Такова была Сила и одна из способностей майора. Он умел убеждать, придавая своим словам дополнительную мощь.

— Всё или ничего… — пробормотал Олег Кондратьевич Сенцов.

Он прекрасно понимал, что если сейчас три пары фронтовых бомбардировщиков и один стратегический бомбардировщик, несущий наиболее мощную бомбу, потеряют управление и упадут, то упадёт не только карьера, но и голова с плеч Сенцова. Такую ошибку ему уже никто не простит.

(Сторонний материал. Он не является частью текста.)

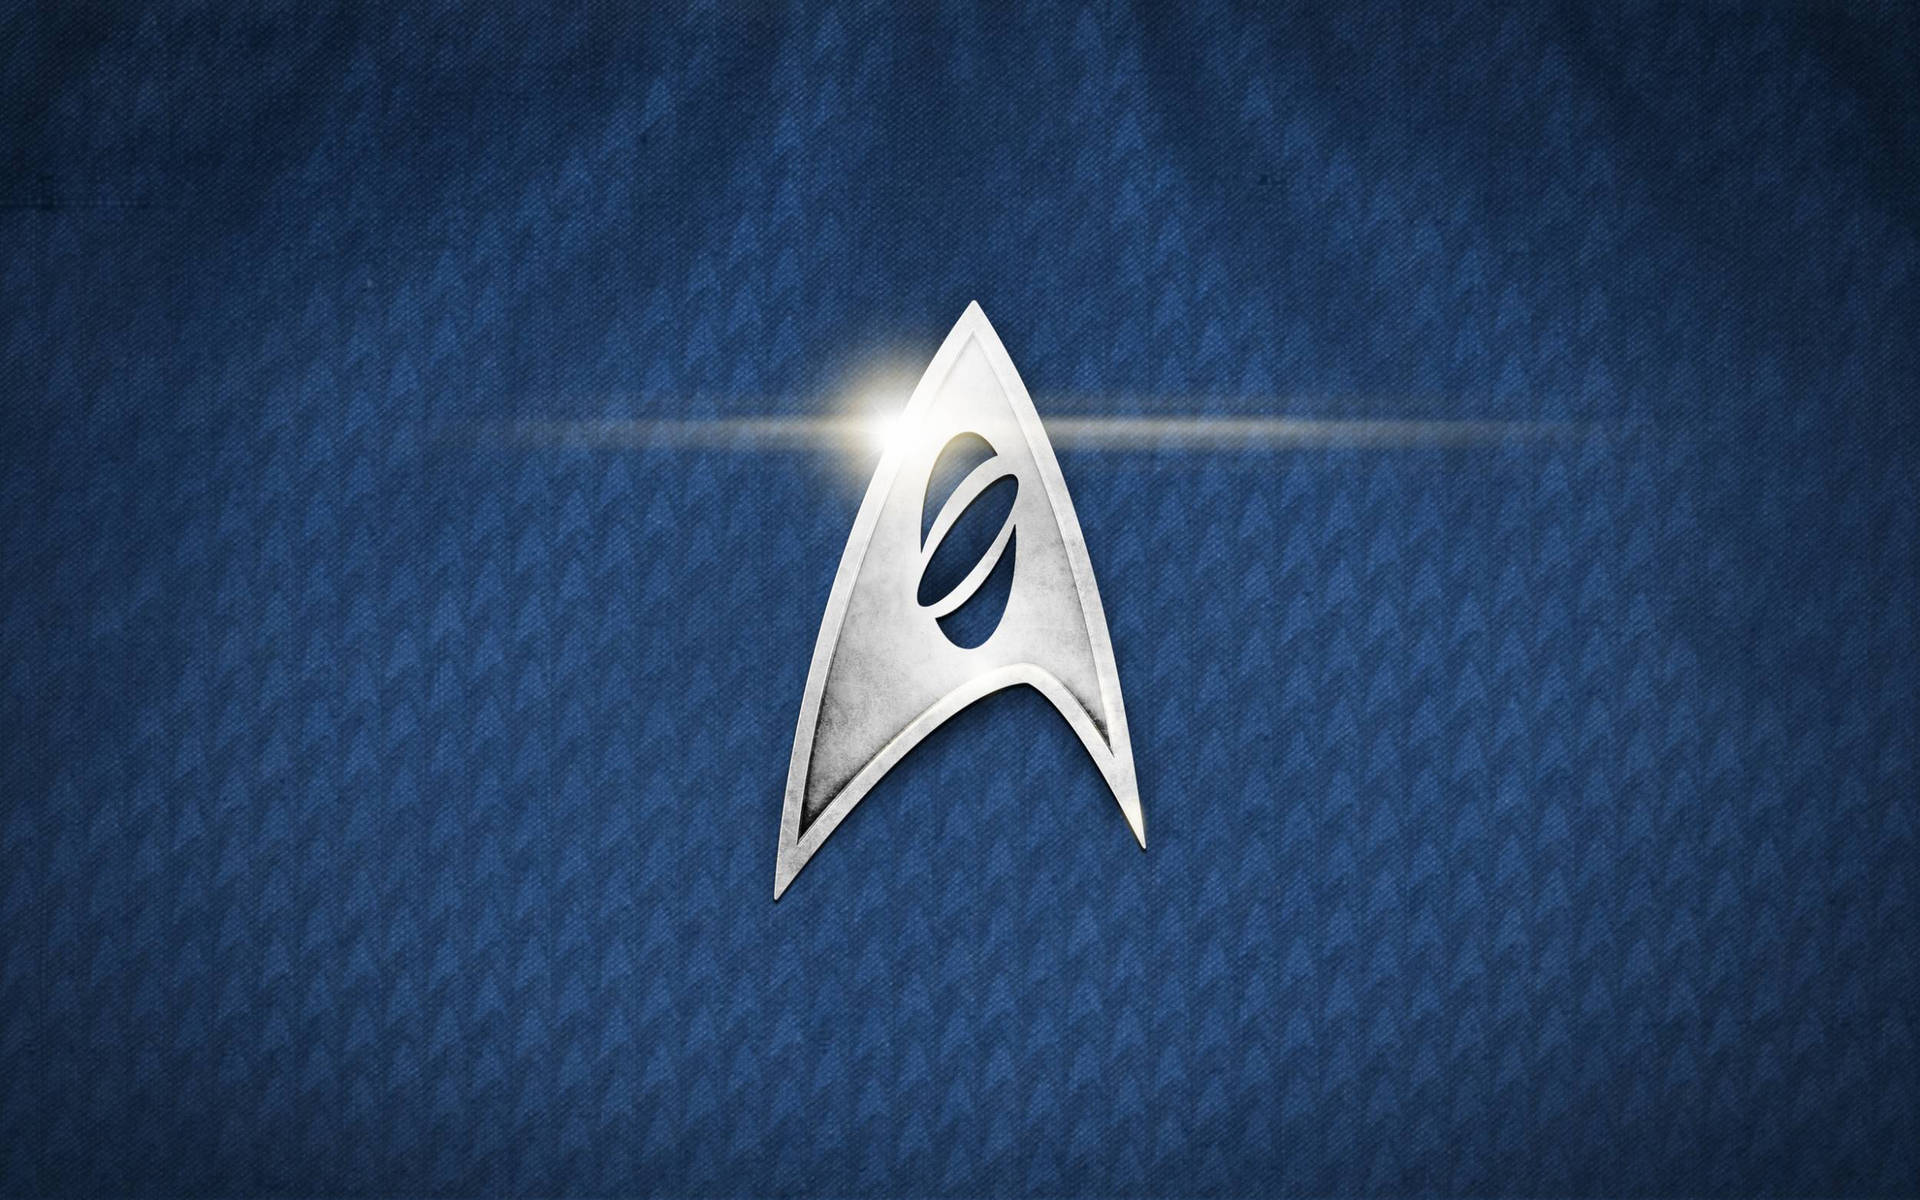 Nice and elegant wallpaper of Star Trek logo.

Но майор рисковал. Это был последний шанс — нужно взорвать барьер изнутри. И именно от этой операции, пусть сырой, неподготовленной, зависит жизнь Сенцова, его людей, да и будущее страны.

Если ничего не делать, изменённые обязательно выйдут из Башни. Когда это произойдёт? Может, через день, через два, через неделю, когда уже определённо нельзя будет скрыть ситуацию даже от самого мало интересующегося красноармейца.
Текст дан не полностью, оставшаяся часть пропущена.